Человека могли засудить по воле секретаря райкома...

«Могло быть. Настоящие большевики не могли перед этим остановиться в такой момент, накануне Второй мировой войны. Это очень важно».

Опять врешь, как сивый мерин! - донесся издалека голос Ельцина. - Я же читал постановление Центрального Комитета на этот счет! В секретном архиве нашел!

Не, он брешет, как мой верный пес! - то ли опроверг, то ли подтвердил Сатана. - Цитирую: «ЦК ВКП(б) разъясняет, что применение физического воздействия в практике НКВД было допущено с 1937 года с разрешения ЦК... ЦК ВКП(б) считает, что метод физического воздействия должен обязательно применяться и впредь, в виде исключения, в отношении явных и неразоружившихся врагов народа, как совершенно правильный и целесообразный метод».

Чего от своих-то прятаться? - закинул себе трубку в рот кремлевский горец. - Товарищ Ницше - душа близкой нам идеологии, пусть, как говорил Христос, познает истину. Только вот сделает ли она его свободным, как утверждает евангельское высказывание Иисуса, - это вряд ли! Ха-ха! Министр госбезопасности Абакумов, повтори, в чем ты признался на допросе!

«Мы можем бить арестованных. В ЦК меня и моего первого заместителя Огольцова многократно предупреждали о том, чтобы наш чекистский аппарат не боялся применять меры физического воздействия к шпионам и другим государственным преступникам, когда это нужно.

В следственной части у меня было разделение труда. Одни, малограмотные, выбивали показания из арестованных. Другие, с образованием, писали протоколы. Они так и назывались: «забойщики» и «писари».
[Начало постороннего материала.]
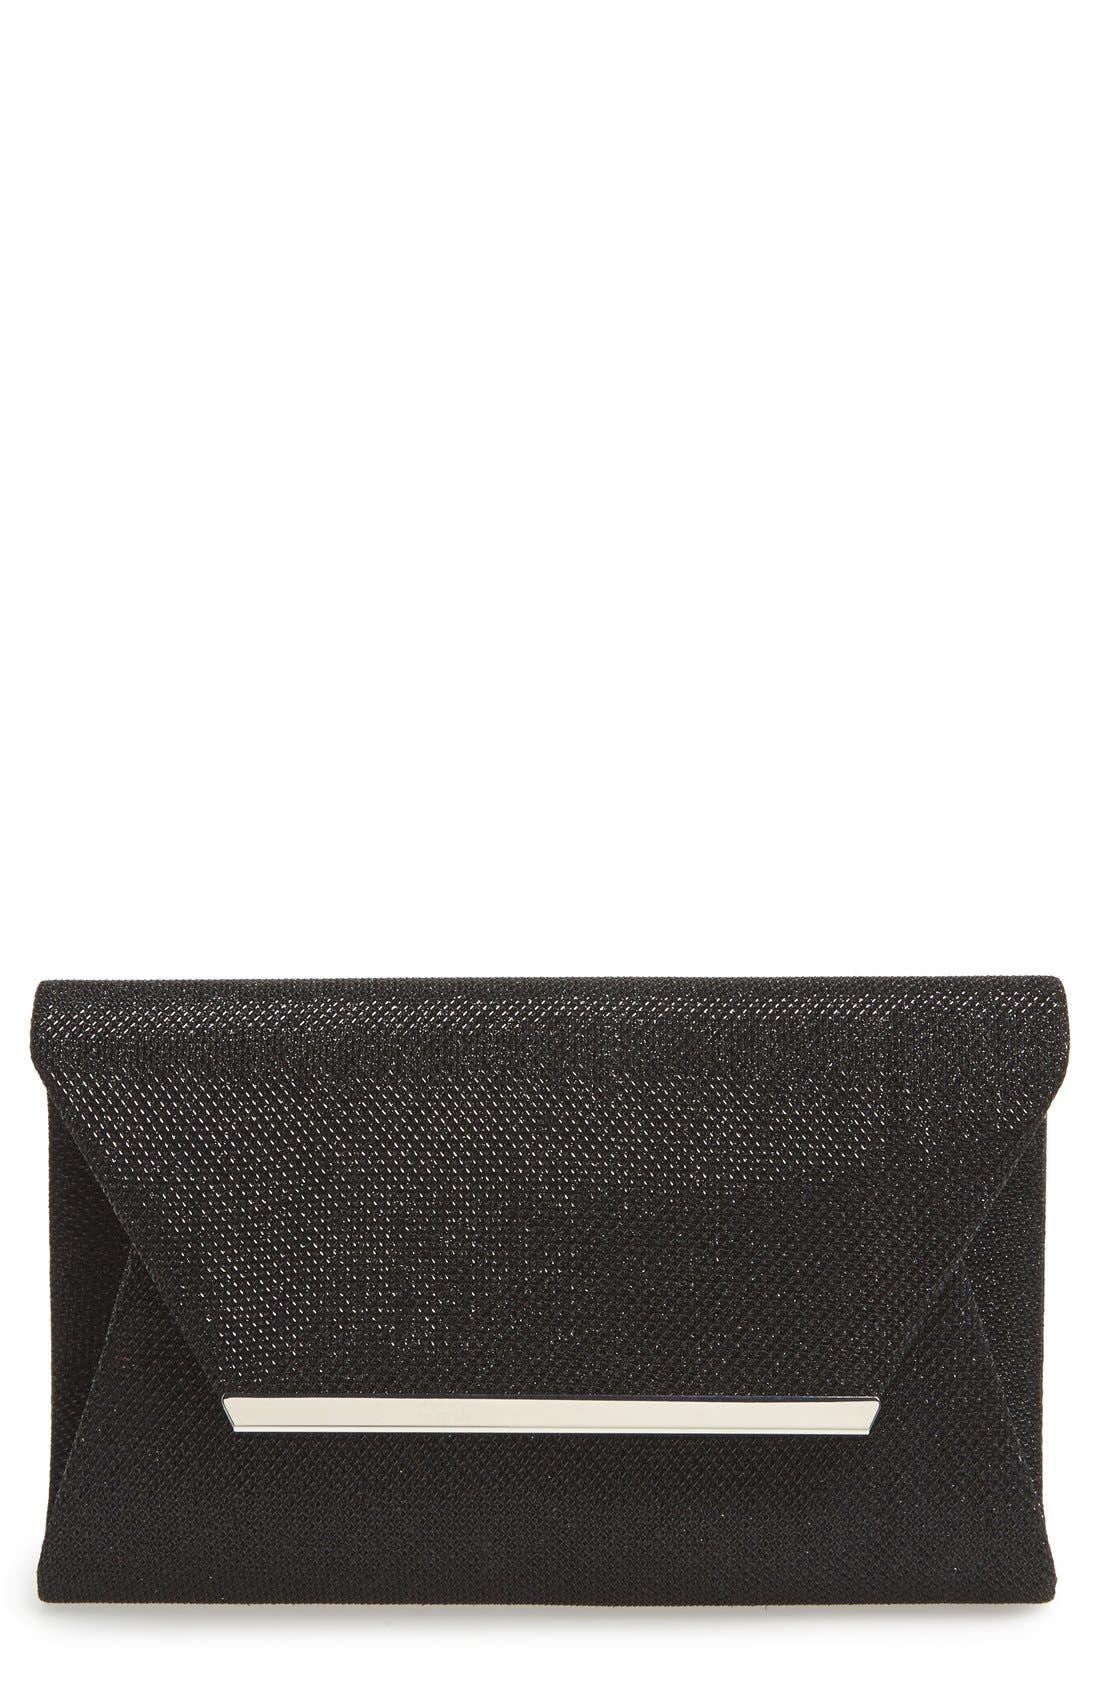 Metallic Envelope Clutch,                         Main,                         color, Black

...Тем временем экс-гарант очутился в адской мясорубке, присущей именно сталинскому режиму. Он даже не мог понять, в чьи именно воспоминания попал, - слишком много было тех, кто перенес все эти муки. В кабинете наркома госбезопасности Борис Николаевич знакомился с чекистскими методами дознания, что называется, на своей шкуре.

Пол был устлан ковром. На длинном столе для заседаний стояла ваза с апельсинами: Берия

угощал ими тех, кем был доволен. В глубине комнаты находился письменный стол, за которым сидел нарком и беседовал с расположившимся напротив своим замом Кобуловым. Ельцина поместили на стул рядом с Кобуловым, а слева от него уселся какой-то лейтенант...

Кобулов официальным тоном доложил:

Товарищ народный комиссар, подследственный Ельцин на первом допросе вел себя дерзко, но признал свои связи с врагами народа.

Борис Николаевич прервал Кобулова:

Это неправда! Меня не допрашивали! Яне признавал никаких связей с врагами народа... Преступником себя не признаю, так как никаких преступлений не совершал!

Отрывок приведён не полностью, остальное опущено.